Most microdevices are fabricated on rigid, flat, and smooth substrates1,2, such as SiO2/Si. However, interest in nonconventional substrates, such as soft plastics, has been increasing because of these substrates' potential applications in transparent, flexible, or foldable electronics36,37. After confirming that the selective transfer technique could be used to fabricate electronics and devices on a SiO2/Si wafer, we selected a PET film as the substrate for the fabrication of electronics via this method. We fabricated ITO electrodes on the PET film using photolithography (see Methods) and then transferred a patterned monolayer graphene film to connect the two ITO films (Figures 5a and b). The Raman spectrum (Figure 5c) of the graphene measured on the PET film demonstrates the high quality of the graphene used in the experiment32. The inset of Figure 5b shows the SEM image of the transferred graphene. The patterned graphene is attached to the ITO films on PET, connecting the two electrodes. For comparison, we fabricated three other devices in which the ITO electrodes were connected by CVD-grown monolayer graphene, multilayer MG, and ITO. The resistance of the four devices with different bending radii and flat-bent cycles are shown in Figures 5d and 5e, respectively. The current as a function of the voltage for the four devices measured during the bending test is shown in Supplementary Figure S6. The increase in the resistance was caused primarily by the ITO films while the devices were bent multiple times to achieve different radii of curvature. Whereas the resistance variation of the ITO films was eliminated, the resistance of the MG-based devices was nearly invariant (see insets of Figures 5d and e). The results of the bending test suggest that MG films were successfully attached to the PET/ITO films, and that the MG films exhibited better mechanical stability than CVD-grown graphene14.
Discussion
The developed selective transfer technique provides an efficient route for the fabrication of MG-based microdevices and flexible electronics. In addition, the selective transfer technique can be readily incorporated into the process used to fabricate van der Waals heterostructures. In general, van der Waals heterostructures are fabricated by stacking different 2D crystals on top of each other with a “mechanical transfer process”6,7,8. However, with this method, the unwanted graphene/graphite flakes are transferred together with the useful graphene. The flakes inevitably contaminate the new substrates and damage other samples on the substrates. However, with our newly developed method, the selective transfer of 2D crystals with regular shapes can be achieved, and different 2D crystals can be positioned over each other with micrometer accuracy in a desired sequence. The transfer process, which is free of contaminants, enables the integration of multiple graphene devices. In addition, the regular shapes of the 2D crystals can improve the performance of van der Waals heterostructures. A clean surface without any other flakes, the ability to fabricate any desired shape for each staking layer, and the precise transfer obtained via this selective transfer technique will facilitate the development of van der Waals heterostructures in electronics and devices6,8.
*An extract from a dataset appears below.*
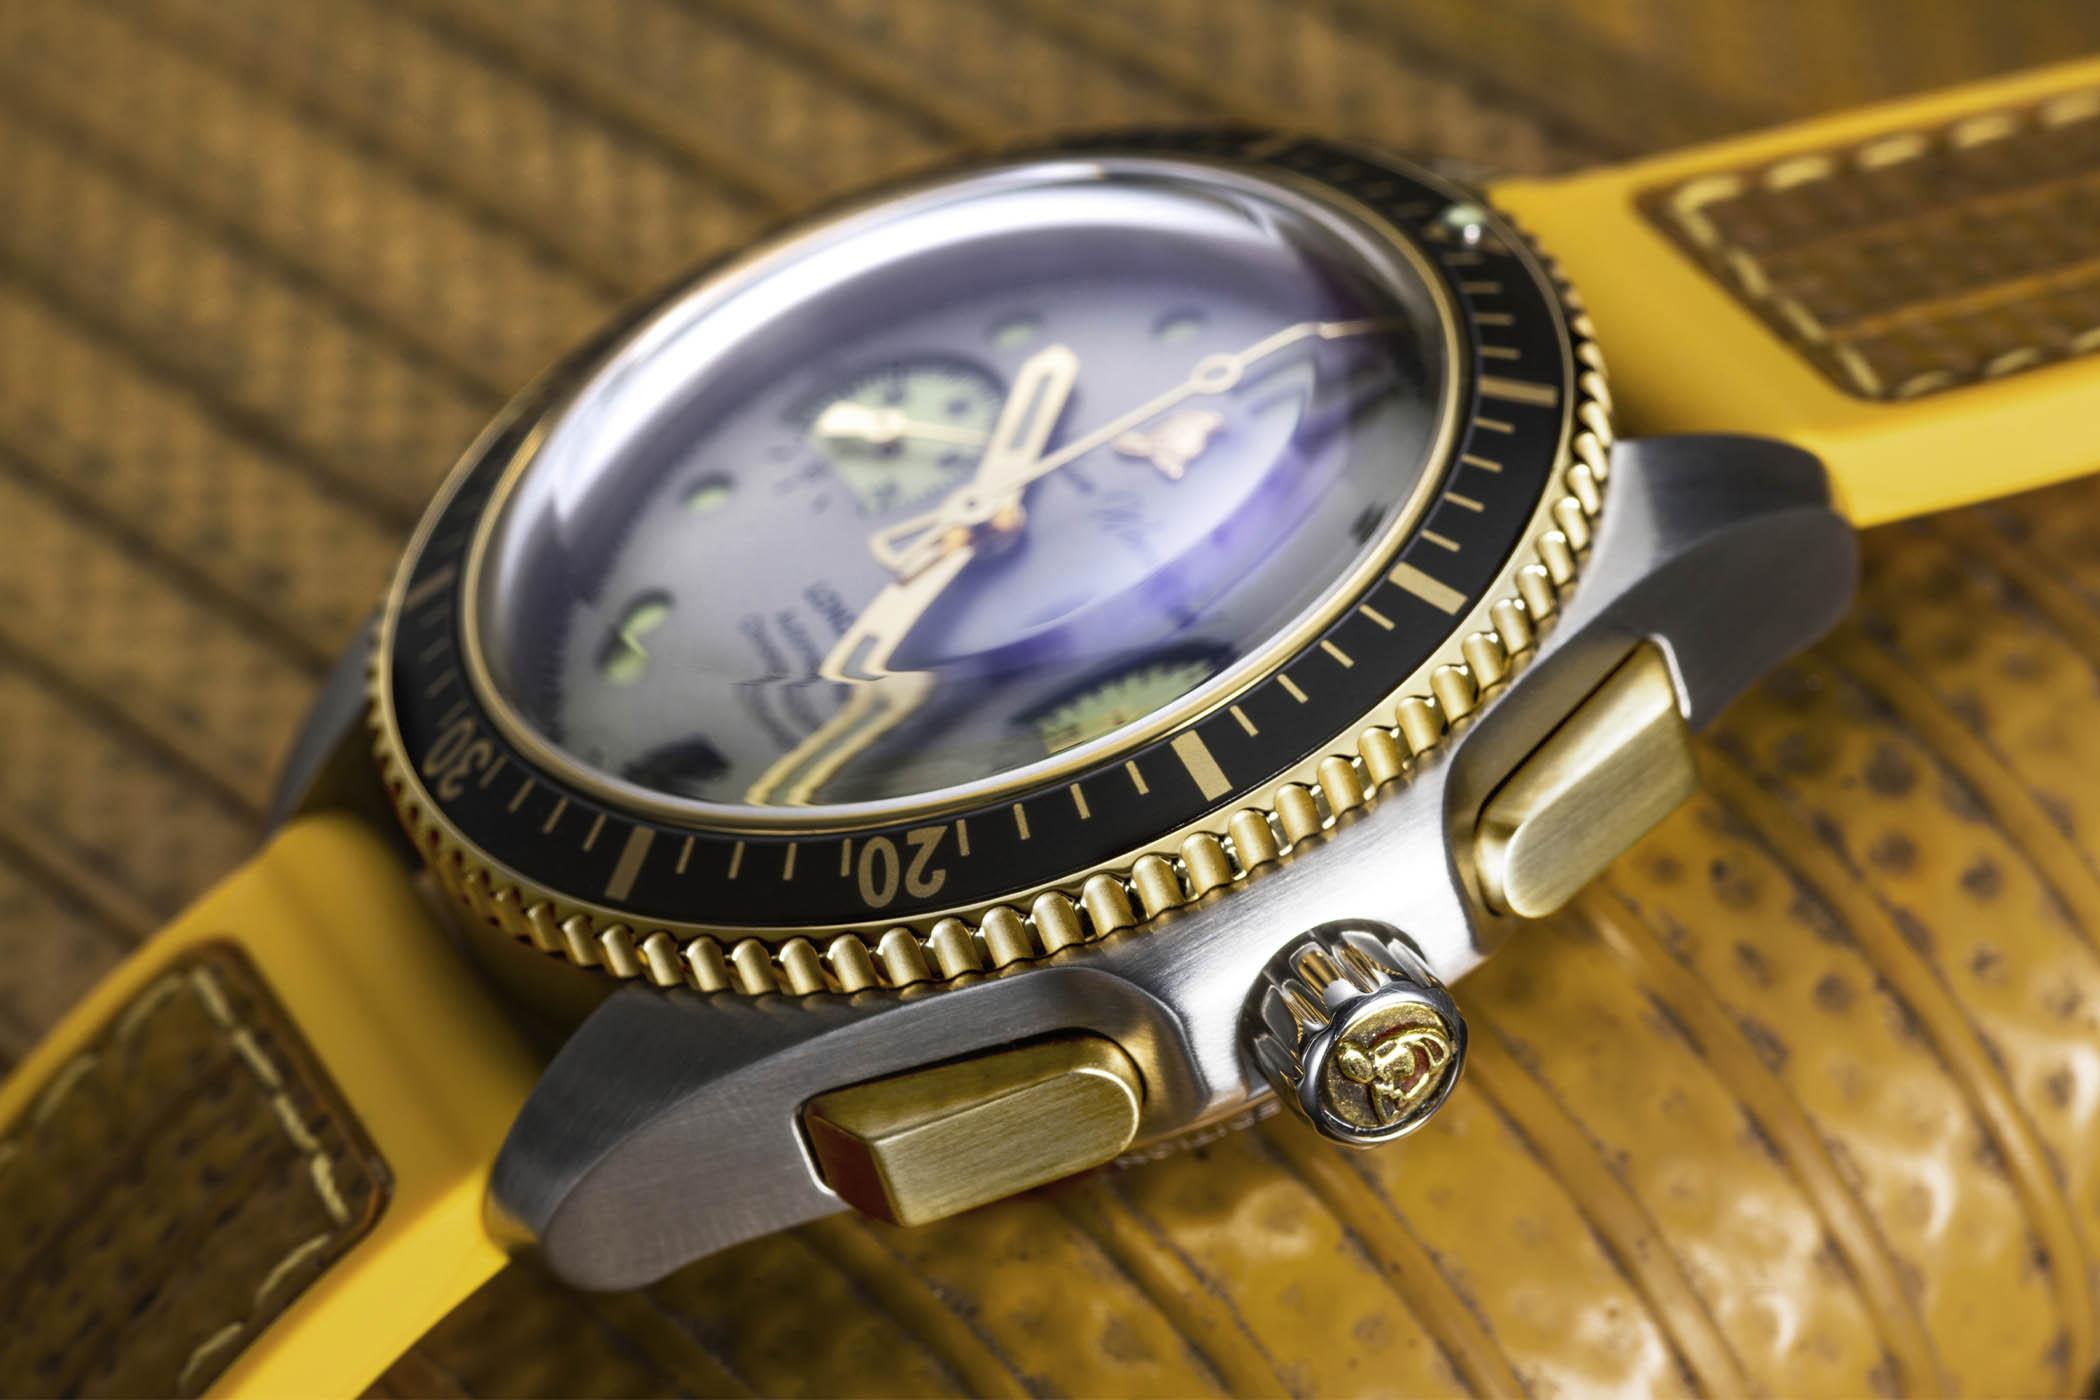 William Wood Triumph Chronograph Collection
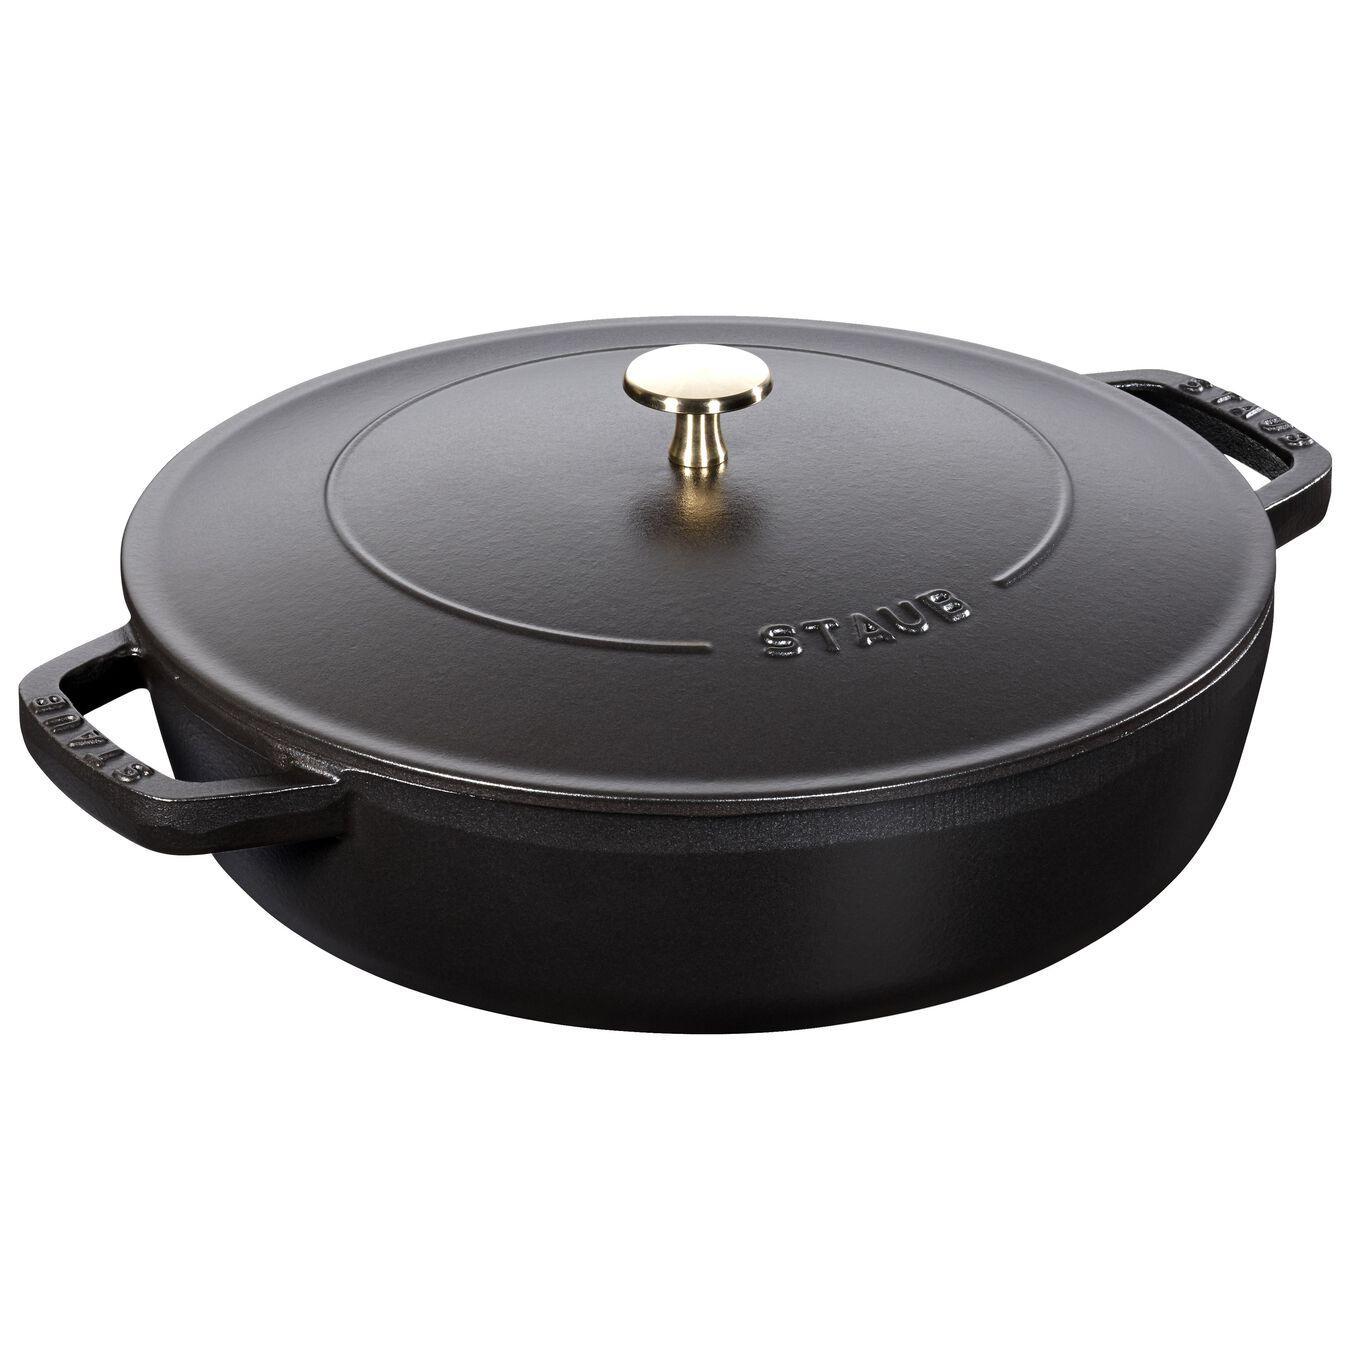 3,75 l Cast iron round Sauteuse Chistera, black,,large 1

In summary, we demonstrated a unique selective transfer technique using a photoresist/PMMA structure and femtosecond laser microfabrication to achieve the selective transfer of MG patterns onto chosen targets. With this method, as-fabricated graphene micro/nanoribbons were transferred onto different substrates, and graphene patterns were transferred onto different electrodes fabricated on various substrates. This method provides an efficient route for the fabrication of MG-based microdevices and flexible electronics and for the optimization of the performance of graphene device. We believe that this technique can also provide a feasible approach to the fabrication of van der Waals heterostructures with a clean surface, with any desired shape for each staking layer, and with precise positioning.
Methods
Materials
Silicon wafers coated in a 285-nm thermal oxide were purchased from Graphene-Supermarket (graphene-supermarket.com). The positive photoresist (AR-P 3510T) and developer (AR 300-26) were obtained from Allresist. The PMMA (average Mw~ 996,000 by GPC, crystalline) was purchased from Sigma-Aldrich. The PET/ITO film (thickness: 0.125 mm, resistivity: 45±5 ohm/sq, transmittance >84%) was purchased from Zhuhai Kaivo Electronic Components.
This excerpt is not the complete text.